EXTRACTED INFORMATION section start

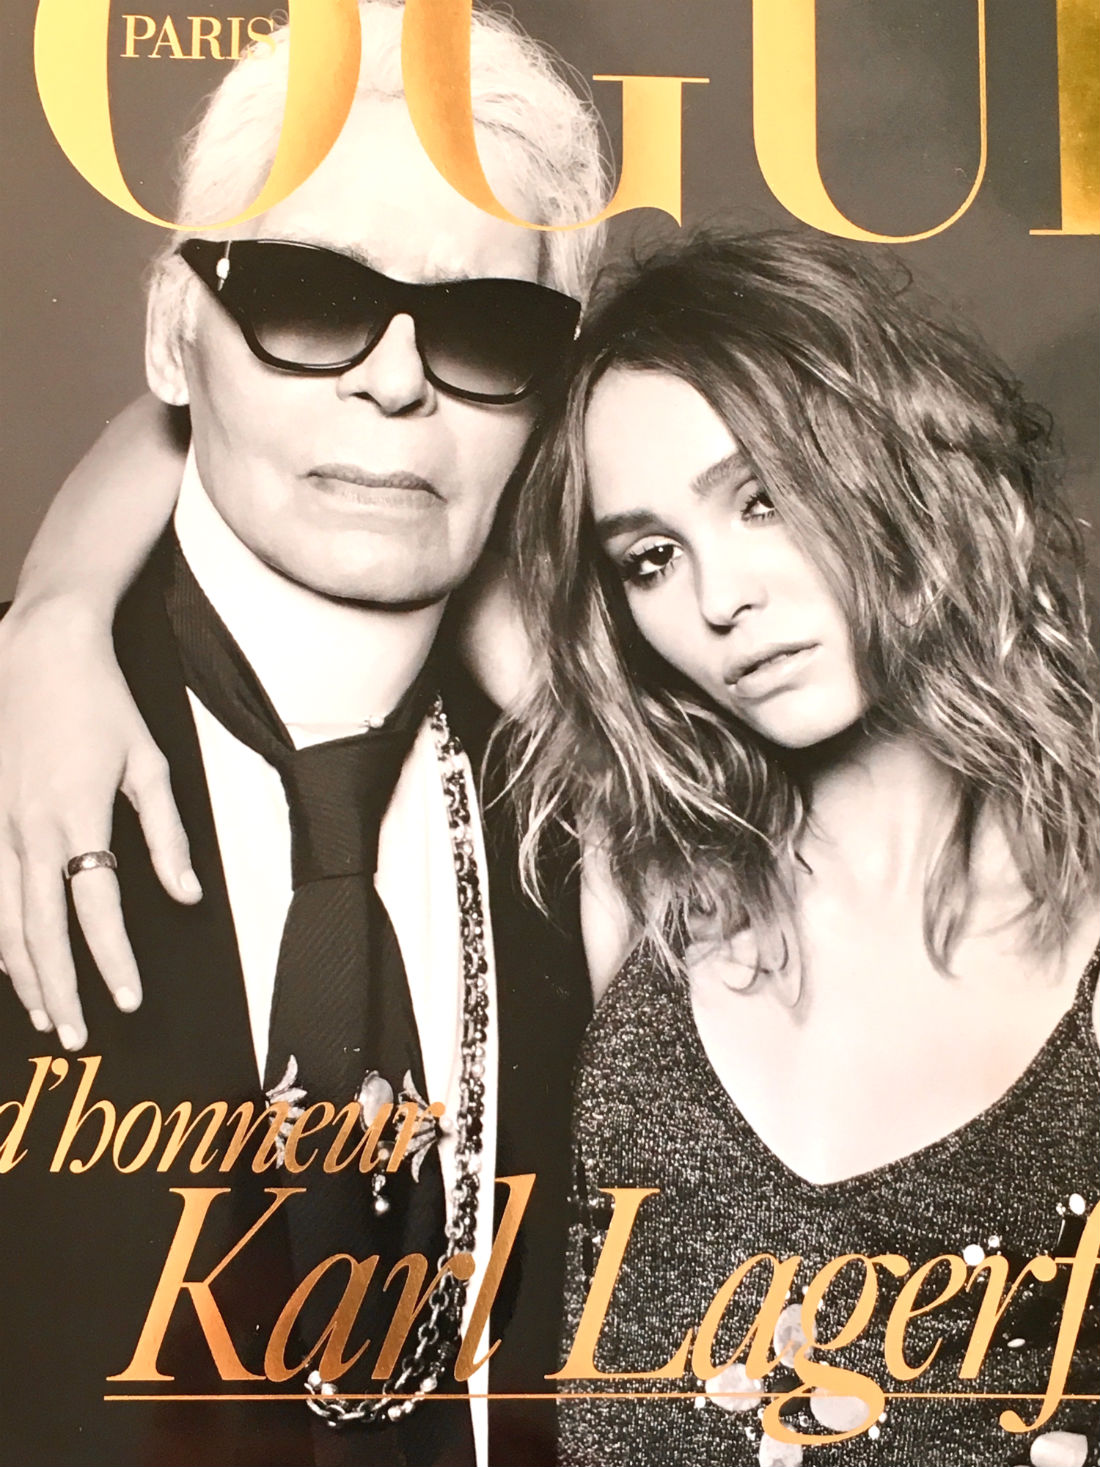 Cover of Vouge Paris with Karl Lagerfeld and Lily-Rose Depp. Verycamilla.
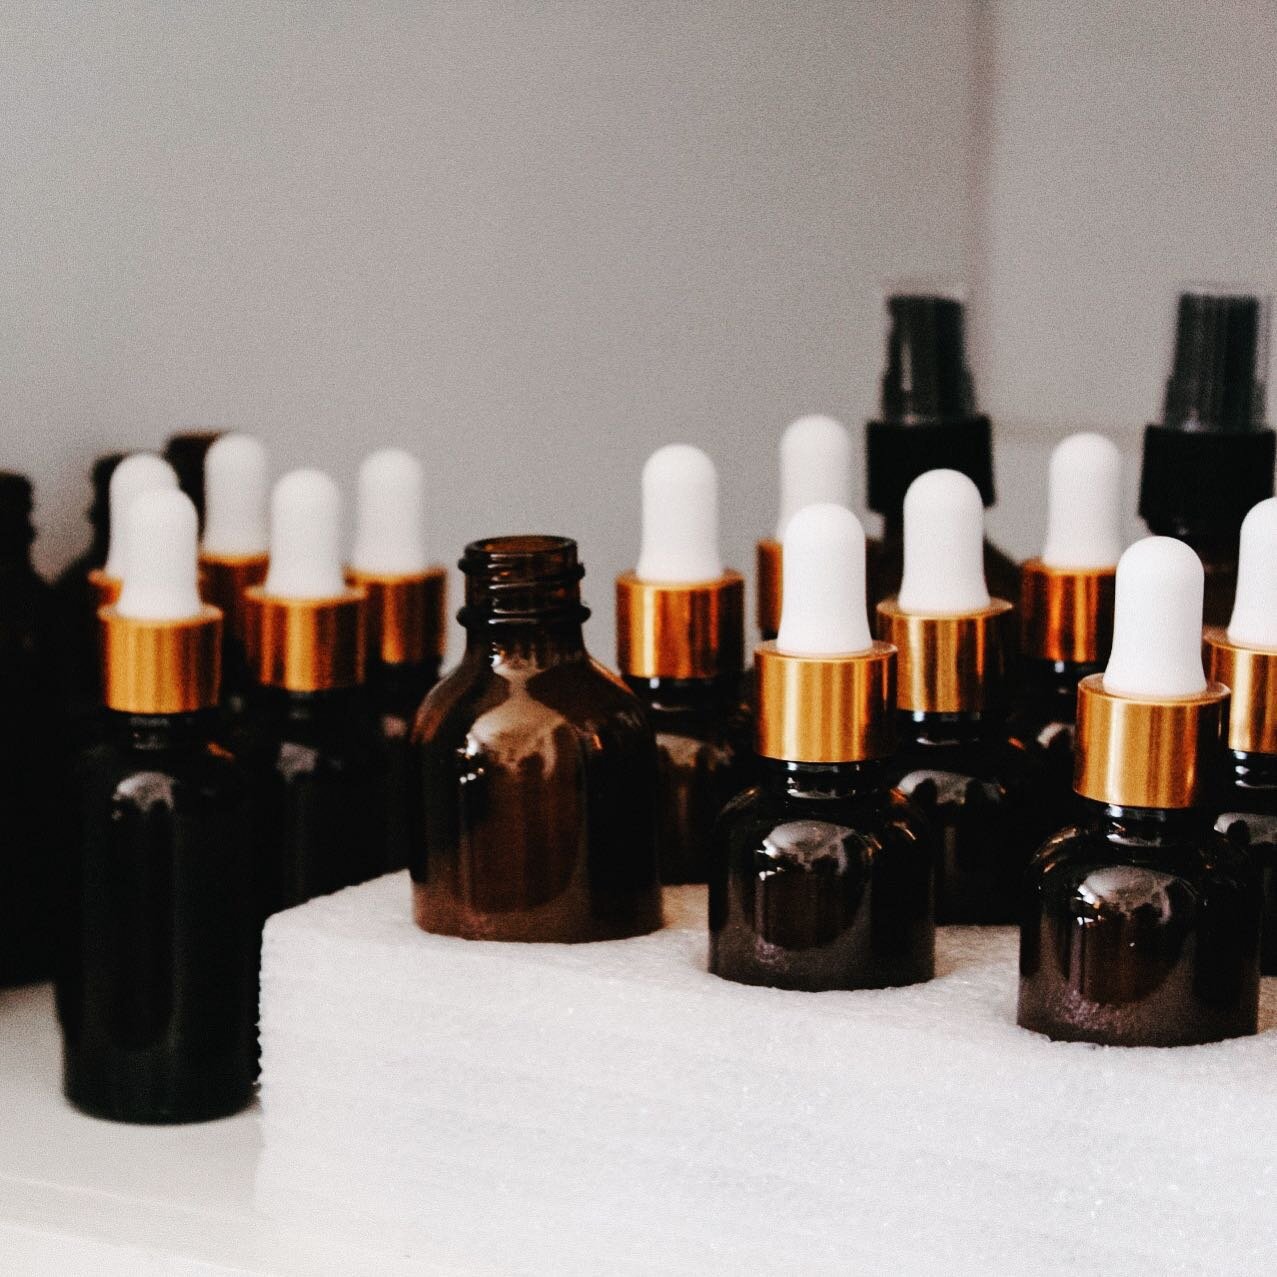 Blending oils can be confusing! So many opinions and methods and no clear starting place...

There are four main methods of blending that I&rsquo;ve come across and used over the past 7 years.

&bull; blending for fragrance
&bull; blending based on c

EXTRACTED INFORMATION section end
EXTRACTED INFORMATION section start

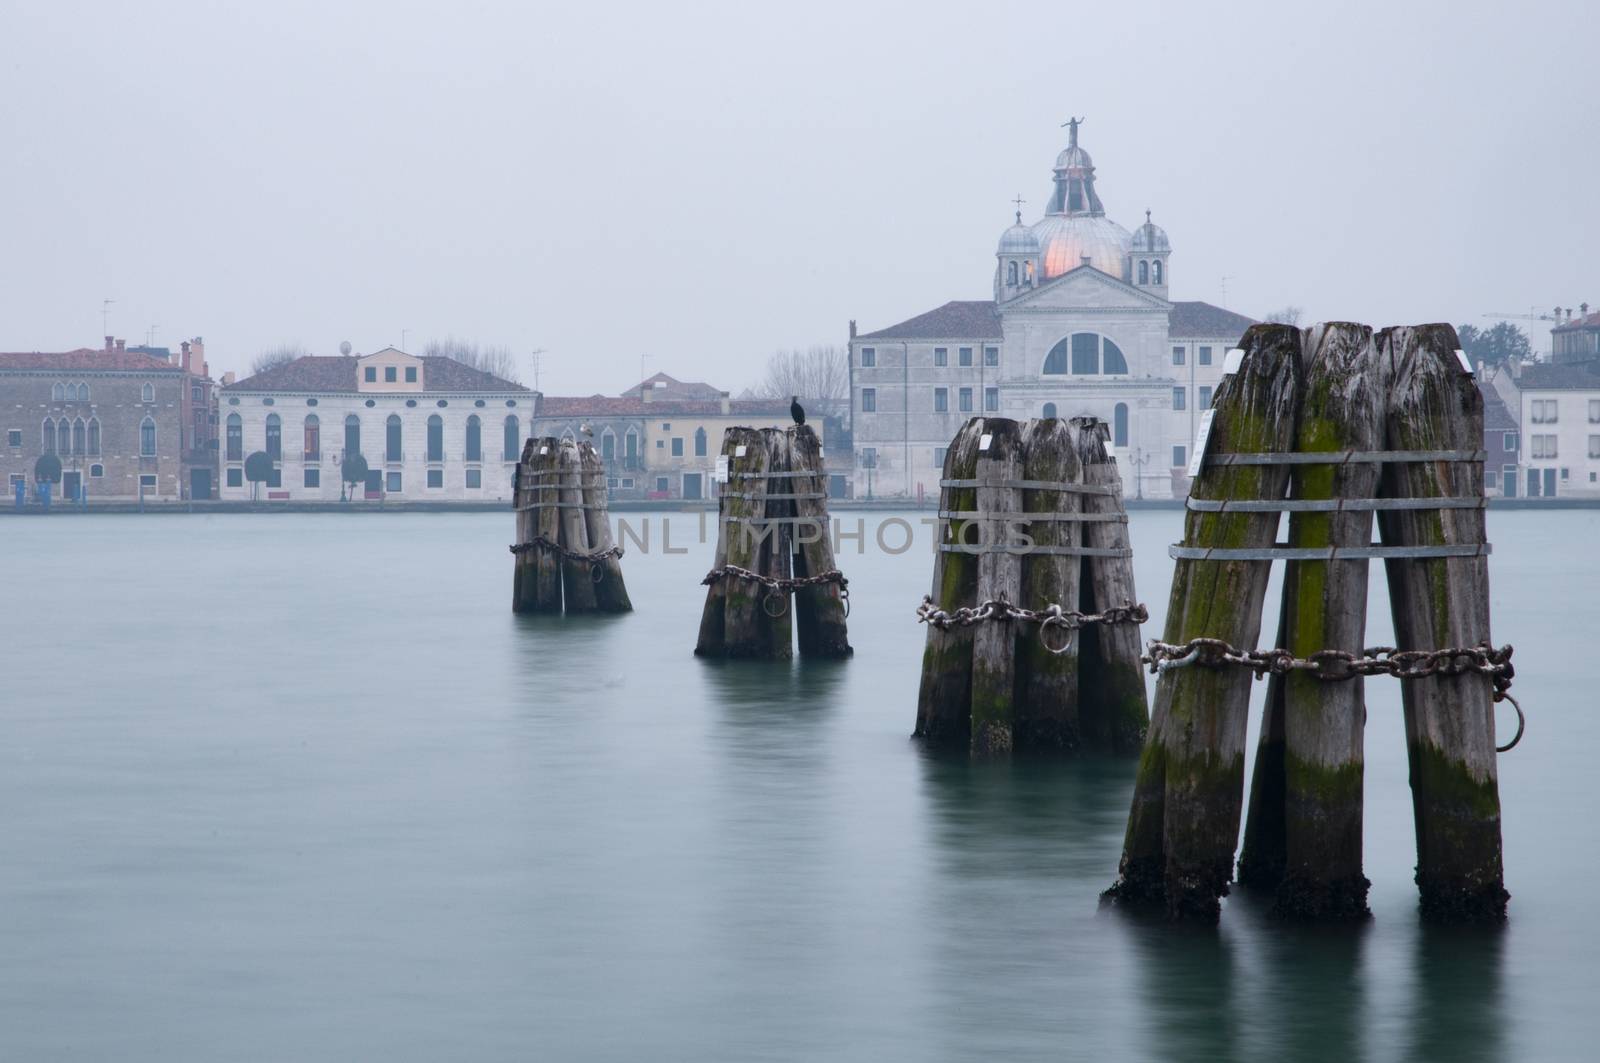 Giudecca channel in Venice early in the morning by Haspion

EXTRACTED INFORMATION section end

→ **PROMPT**
Nothing but the lines above from the line with "Cover of Vouge" up to and including the line with "blending based on c" should be returned, exactly as written and without pictures.

→ **WRITTEN ANSWER**
 Cover of Vouge Paris with Karl Lagerfeld and Lily-Rose Depp. Verycamilla.
 Blending oils can be confusing! So many opinions and methods and no clear starting place...

There are four main methods of blending that I&rsquo;ve come across and used over the past 7 years.

&bull; blending for fragrance
&bull; blending based on c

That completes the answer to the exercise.